The reliability of the wave breaking criterion was scrutinized by comparing the original FUNWAVE-TVD model with a modified version, as shown in Figure 9. Notably, the threshold values for wave breaking predicted by the modified model were substantially lower than those of the original version, with the maximum threshold reaching 0.68 near the reef’s edge.
Figure 10 compares the wave heights and l N S W E of the original and modified models. It is evident that the original FUNWAVE-TVD model failed to accurately predict the location of wave breaking, with its simulated breaking point lagging significantly behind the observed breaking point. Moreover, the l N S W E predicted by the original model was too narrow, resulting in insufficient dissipation of wave energy and a poor representation of the surf zone dynamics over the reef flat. In contrast, the modified model demonstrated improved performance, with the predicted breaking point and wave energy dissipation agreeing closely with the measured data. This substantial improvement highlights the enhanced ability of the modified model to simulate wave processes over reef terrains.
Quantitatively, the wave height model skill of the original FUNWAVE-TVD was 0.788, whereas the modified model achieved a higher skill score of 0.912, reflecting an improvement of 15.74%. This significant enhancement underscores the effectiveness of the modifications in improving the model’s precision and reliability in simulating wave dynamics in the reef flat and surf zone regions.

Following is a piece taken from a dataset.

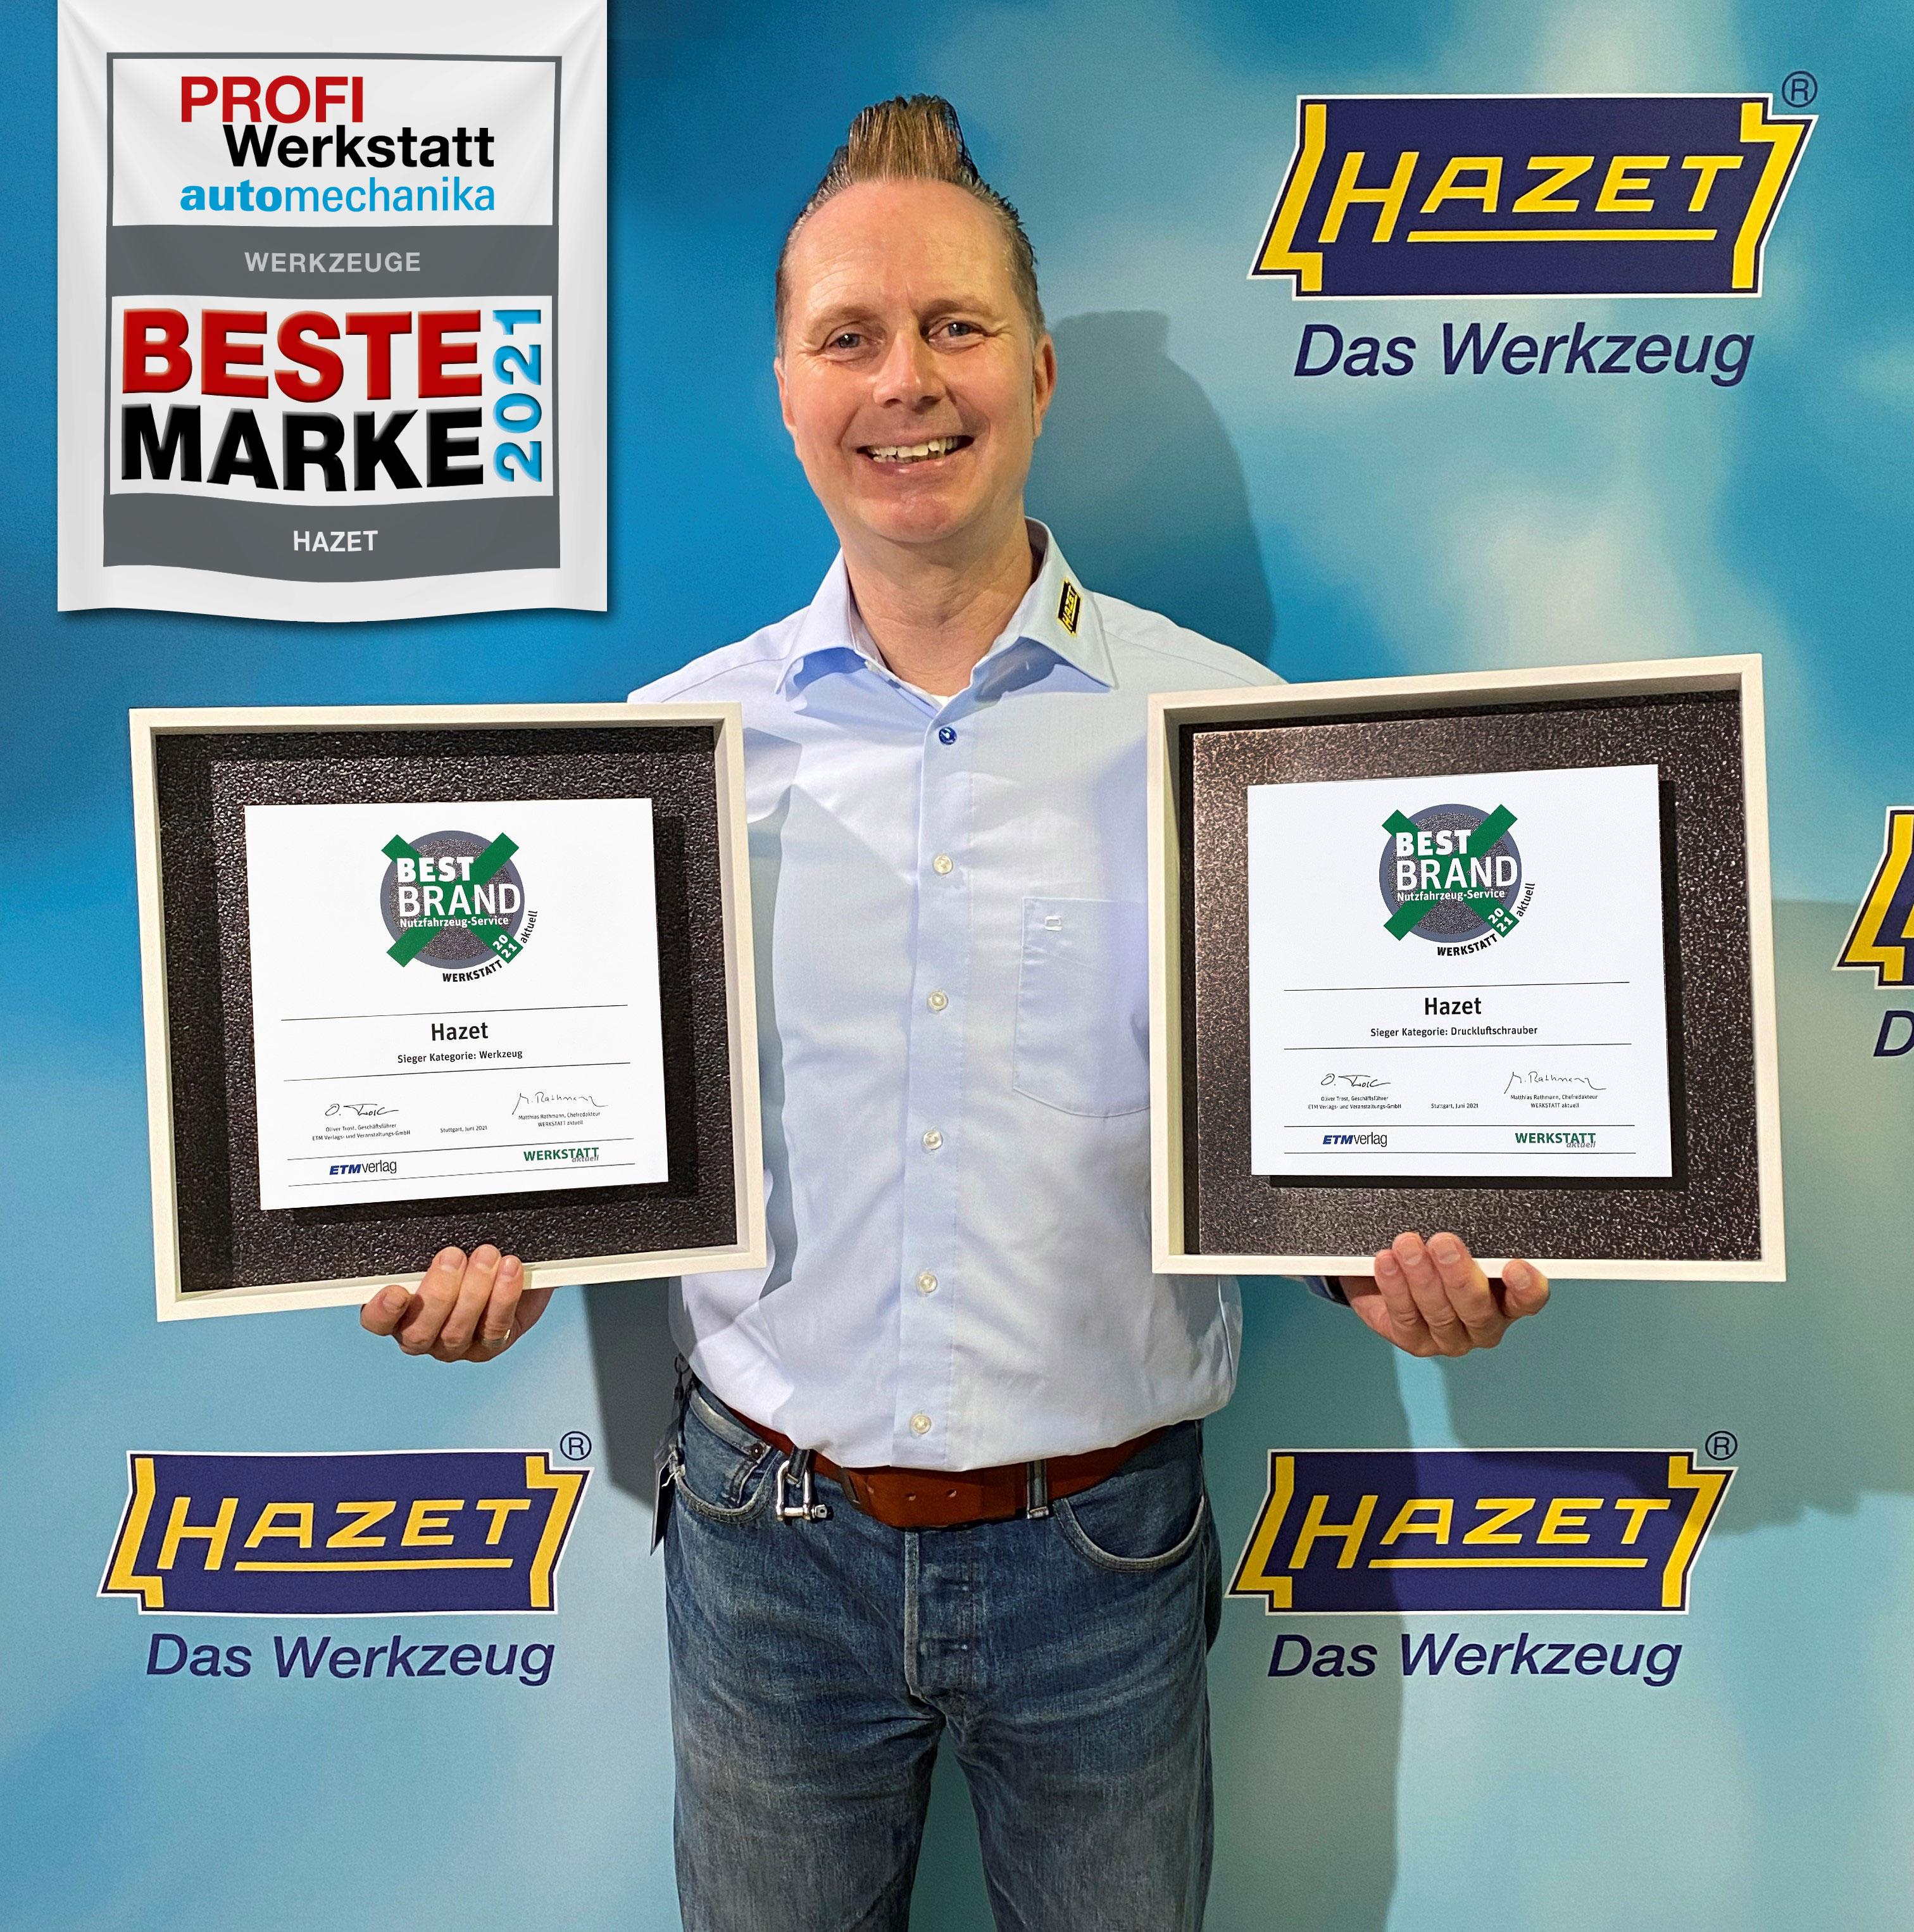 "HAZET holt sich erneut das ""Double"" bei den Nfz-Profis"

3.4. Wave Breaking over a 1:3 Slope

Another laboratory experiment conducted by Tsai, Chen, Hwung and Huang [41] simulated wave breaking over a reef terrain with a fore-reef slope gradient of 1:3. The experimental setup, including the terrain configuration and wave gauge locations, is depicted in Figure 11. The offshore water depth was set at 0.97 m, transitioning from a steep 1:3 fore-reef slope to a flat reef top, where the water depth was reduced to 0.17 m. Regular incident waves with a period of T = 1.8 s and a wave height of H = 0.202 m were employed. Numerical simulations utilized a grid spacing of dx = 0.075 m and a time step of dt = 0.008 s. The bottom friction was parameterized using Manning’s coefficient, set to a value of 0.01. The model was executed for 60 wave periods, with the averaged results from the final five wave cycles used for data analysis.
Figure 12 presents a comparison of the threshold values for the wave breaking criterion between the original FUNWAVE-TVD model and the modified model. The modified model exhibited lower threshold values compared to the original FUNWAVE-TVD, with the maximum threshold (0.73) occurring near the reef edge.
The computed wave heights and l N S W E values from the original FUNWAVE-TVD model and the modified model are presented in Figure 13. The breaking points predicted by the two models were found to be close to each other, primarily due to the relatively minor differences in their wave breaking threshold values. However, the l N S W E predicted by the modified model exhibited a wider breaking zone, enabling more effective dissipation of wave energy and thereby offering a more accurate representation of the reef flat surf dynamics.
Furthermore, the modified model consistently demonstrated superior predictive accuracy. Quantitative evaluation of the model skill for wave height predictions revealed scores of 0.827 for the original FUNWAVE-TVD and 0.911 for the modified model, reflecting an improvement of 10.16%. This enhancement underscores the higher precision achieved by the modified model in simulating wave breaking and energy dissipation on steep coral reef terrains.

4. Discussion

Wave breaking on steep slopes, such as those formed by coral reefs, poses unique challenges for numerical modeling due to the short shoaling distance and narrow surf zone. These conditions amplify the complexity of accurately simulating wave dynamics, particularly when using traditional wave breaking criteria with fixed thresholds [26]. The findings from this study, along with insights from previous research, highlight the limitations of existing approaches and suggest avenues for improvement.
Addressing these challenges, a key objective of the present study is to refine the numerical model’s description of the wave breaking process, particularly the breaking criterion itself. To effectively evaluate the sensitivity and performance of the proposed modifications, validation efforts were primarily focused on regular wave simulations. Regular waves, characterized by relatively well-defined breaking points, provide a more sensitive testbed for assessing the accuracy of breaking criteria compared to random waves, whose wider surf zones and reliance on statistical parameters tend to average out inaccuracies in individual wave breaking predictions. Indeed, previous work utilizing the baseline FUNWAVE-TVD model has already demonstrated its capability to accurately simulate random wave propagation over typical reef geometries [4]. For instance, simulations of the Nwogu case (slope 1:10.2) and the Smith case (slope 1:5) yielded high model skill scores (skill > 0.9) for significant wave height prediction against experimental data. Given this established proficiency for random wave scenarios, the current study strategically concentrates on regular wave cases. These cases pose a more stringent test for evaluating improvements to the breaking mechanism, as the model’s performance is more directly influenced by the precise formulation of the breaking criterion.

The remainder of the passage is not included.